I wouldn't like to experimentate with MySQL's provider for EF - What can he make better? Closed source? Messing with issues Oracle wouldn't fix? Strange errors where you have to spend hours guessing about 4 corners where the real problem is? I don't want to experience this twice, and I don't think the world would like that too.
So my statement should be clear: I'd like to continue using your provider and I would be pleased, If the project will receive furthermore support from you and the community! :+1:
I've taken a look at Oracle's new driver and I don't think it's any good at all. Their pre-release has bugs that make it unusable, JSON support is poor, and they don't give a timeline for fixes. I think that it's pretty clear that Oracle is not very committed to their .NET Core Entity Framework driver.
I agree with what others have said in this discussion: the underlying ADO.NET driver needs to be switched to https://github.com/bgrainger/MySqlConnector since it is a real MIT-Licensed library, focuses on fast async implementation, and is developed completely outside of Oracle. Once this change is complete in a backwards-compatible manner, Pomelo.Data.MySQL can be discontinued and the necessary JSON logic can be maintained in this repository.
I've started a PR at #44 to switch the ADO.NET driver to MySqlConnector. I think that with the community focusing on this repository and MySqlConnector, we can make a de-facto standard for running EntityFrameworkCore with MySQL!
@caleblloyd thanks
Keep going! I use this to connect to e.g. google cloud sql. The official driver does not support SSL yet.

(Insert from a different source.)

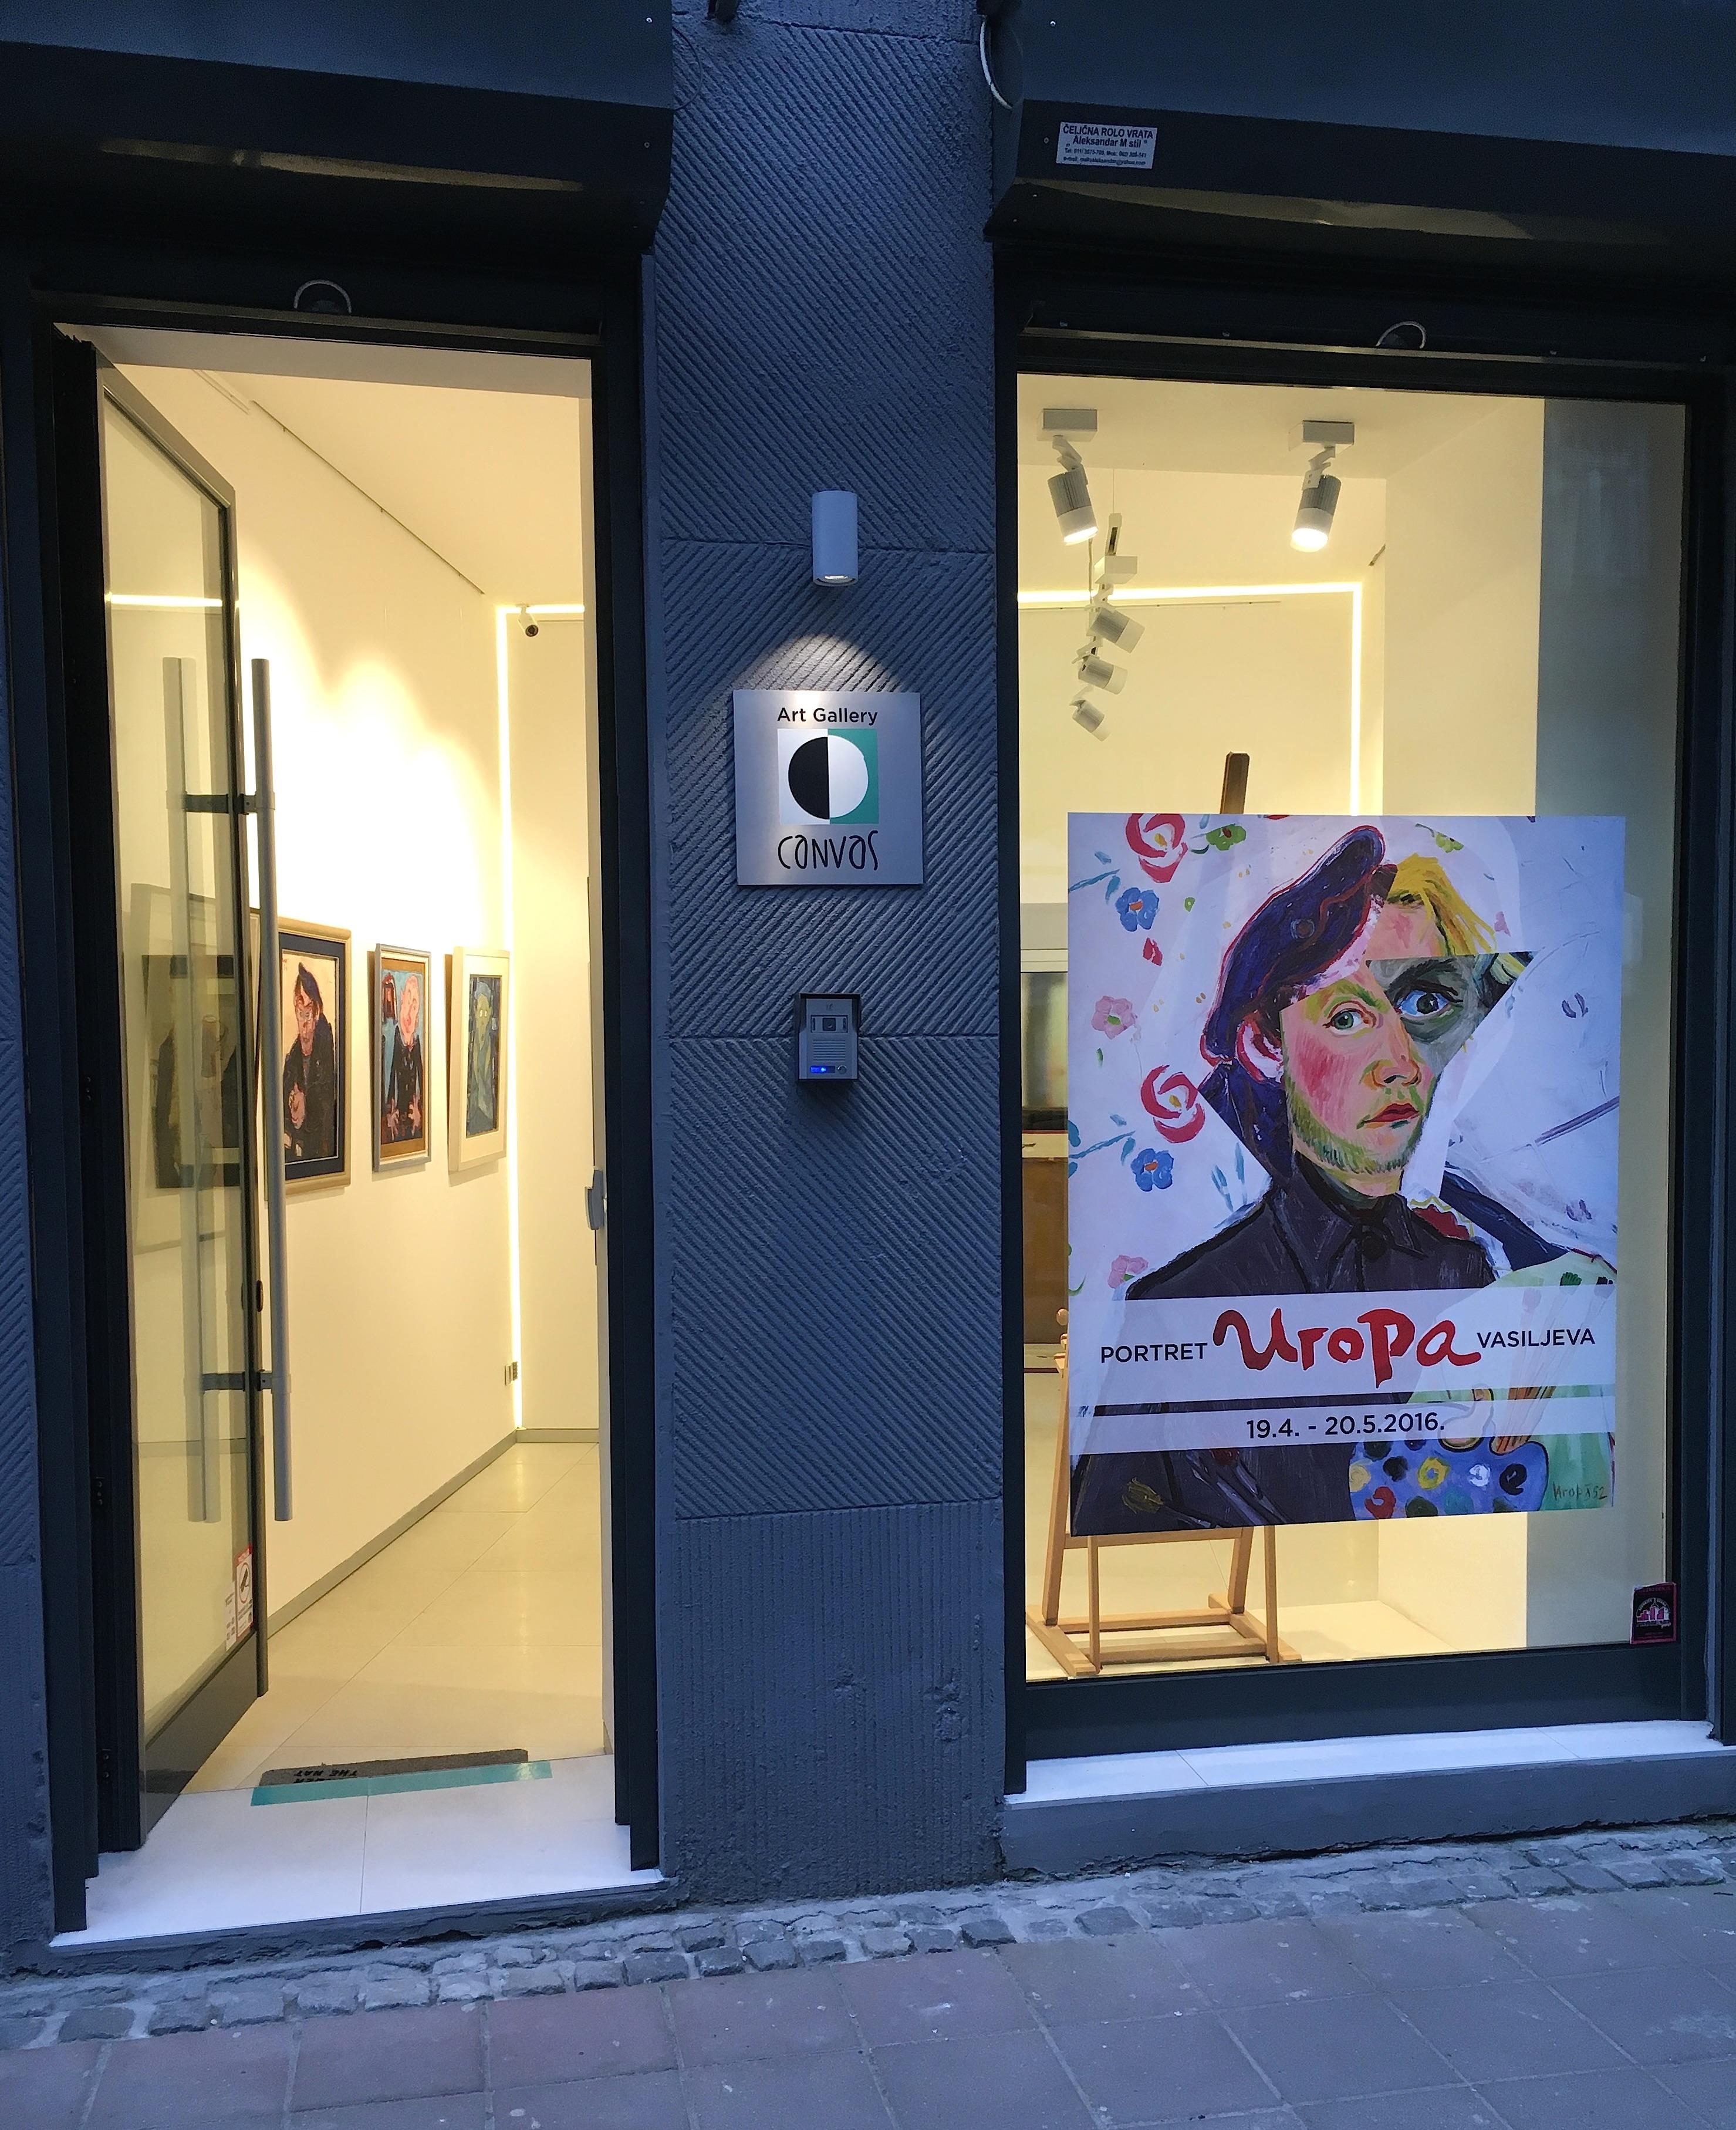 Art Gallery Canvas

Close this issue as we will keep maintaining and provide developers a real mit licensed, async supported mysql provider for ef core.
Most helpful comment
I want to keep this one because it's a free implementation so that we can deeply modify it when needed (for example, something modification to fit for integration of Chinese style technology stack...)
All in all, thank you for your hard work! It's excellent!